The greater part of the Schloss now existing is the work of Meister Wenzel of Klosterneuburg, begun in 1350, but the date of the keep and of the foundations generally are much earlier, and the prisons and clock tower are Romanesque. Majestic, magnificent, and sombre, though not gloomy, by reason of its rude decoration and the brilliant colours of its variegated roofs, it is scarcely changed since its lords dwelt there in the fourteenth century, when their great banner, black vultures on a ground of gold and red, floated then high up amongst the clouds, even as it now shakes its heavy folds out on the strong wind that blew so keenly from the Prussian and the Polish plains due north.
It is a fortress that has wedded a palace; it is majestic, powerful, imposing, splendid, like the great race, of which it so long has been the stronghold and the birthplace. But it is as lonely in the quiet heart of the everlasting hills as any falcon's or heron's nest hung in the oak branches.
And this loneliness seemed its sweetest charm in the eyes of its châtelaine and mistress, the Countess Wanda von Szalras, as she leaned one evening over the balustrade of her terrace, watching for the after-glow to warm the snows of the Glöckner. She held in her hand an open letter from her Kaiserin, and the letter in its conclusion said: 'You have sorrowed and tarried in seclusion long enough—too long; longer than he would have wished you to do.

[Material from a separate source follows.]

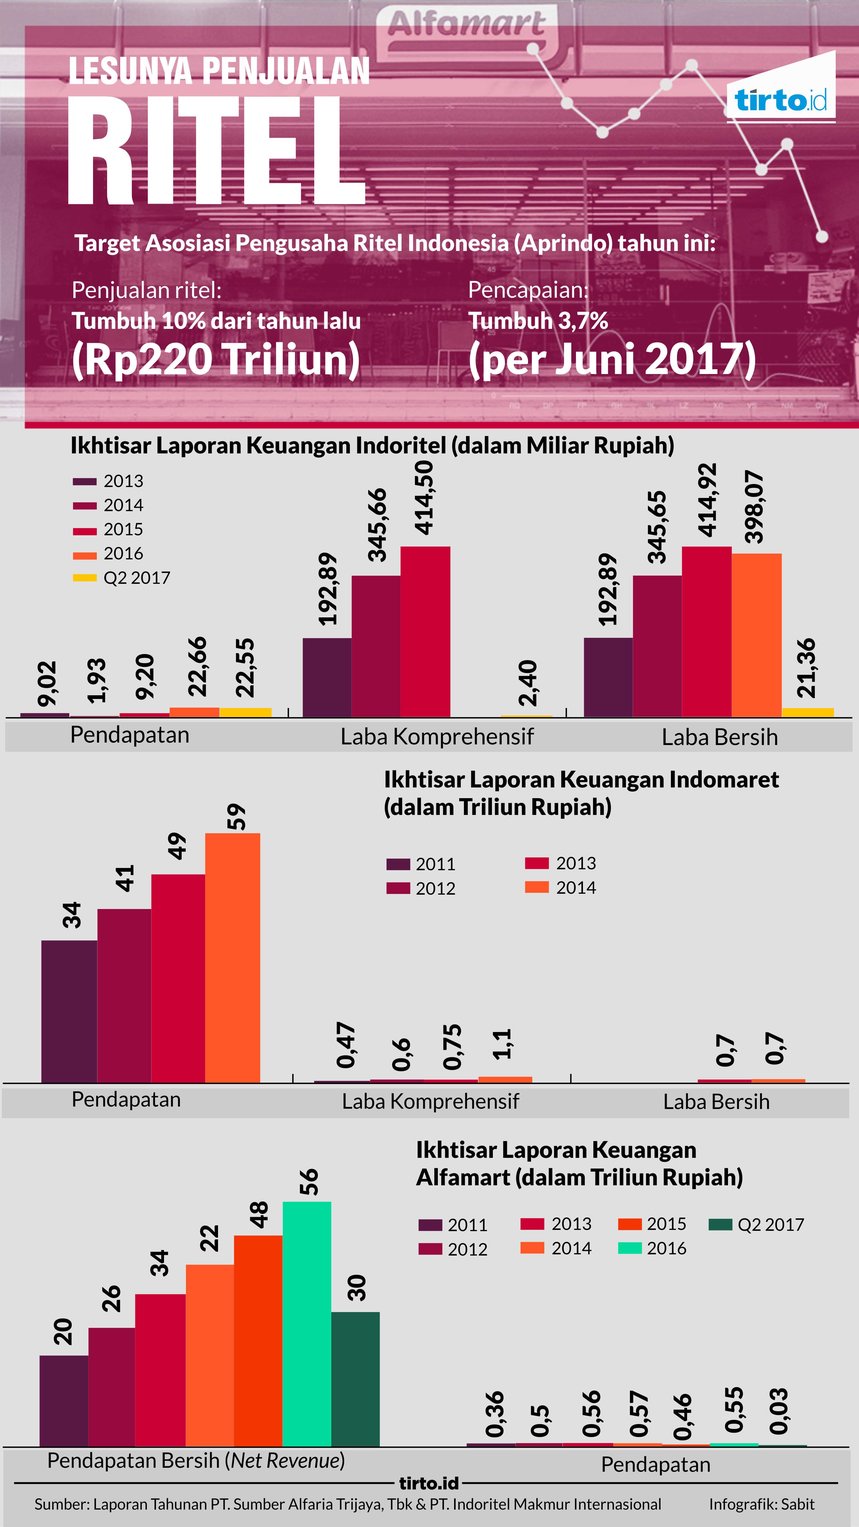 Infografik Lesunya penjualan Ritel

Come back to us and to the world.'
And Wanda von Szalras thought to herself: 'What can the world give me? What I love is Hohenszalras on earth, and Bela in heaven.'
What could the world give her indeed? The world cannot give back the dead. She wanted nothing of the world. She was rich in all that it can ever give.

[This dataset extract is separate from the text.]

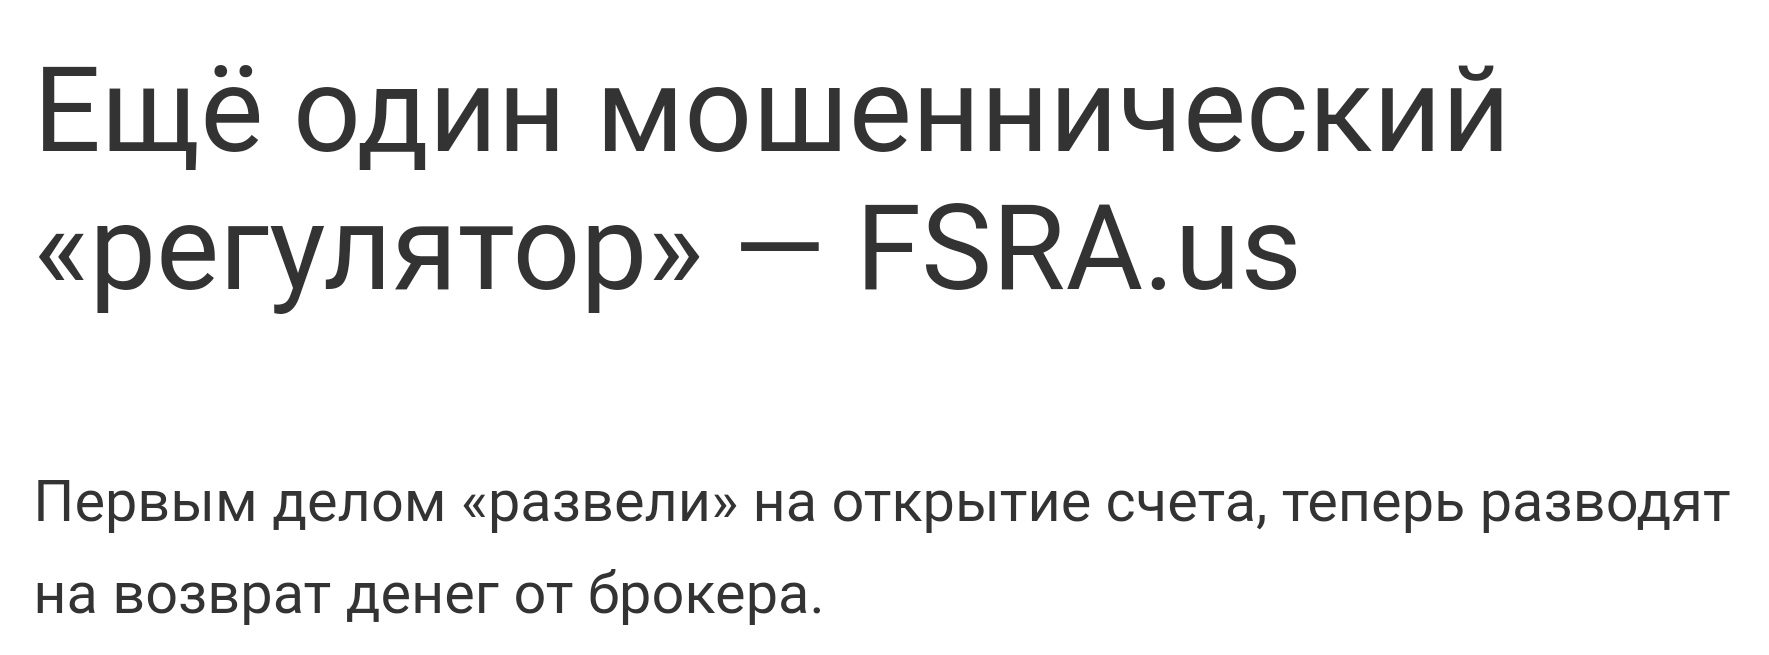 Fsra.us отзывы

In the time of Ferdinand the Second those who were then Counts of Szalras had stitched the cloth cross on their sleeves and gone with the Emperor to the Third Crusade. In gratitude for their escape, father and son, from the perils of Palestine and the dangers of the high seas and of the treacherous Danube water, from Moslem steel, and fever of Jaffa, and chains of swarming Barbary corsairs, they, returning at last in safety to their eyrie above the Szalrassee, had raised a chapel on the island in the lake, and made it dedicate to the Holy Cross, a Szalras of the following generation, belonging to the Dominican community, and being a man of such saintly fervour and purity that he was canonised by Innocent, had dwelt on the Holy Isle, and given to it the benediction and the tradition of his sanctity and good works. As centuries went on the holy fame of the shrine where the Crusader had placed a branch from a thorn-tree of Nazareth grew, and gained in legend and in miracle, and became as adored an object, of pilgrimage as the Holy Phial of Heiligenblut. All the Hohe Tauern, and throngs even from Karinthia on the one side and Tirol on the other, came thither on the day of Ascension.
The old faith still lives, very simple, warm, and earnest, in the heart of Austria, and with that day-dawn in midsummer thousands of peasant-folks flock from mountain villages and forest chalets and little remote secluded towns, to speed over the green lake with flaming crucifix and floating banner, and haunted anthem echoed from hill to hill. One of those days of pilgrimage had made her mistress of Hohenszalras.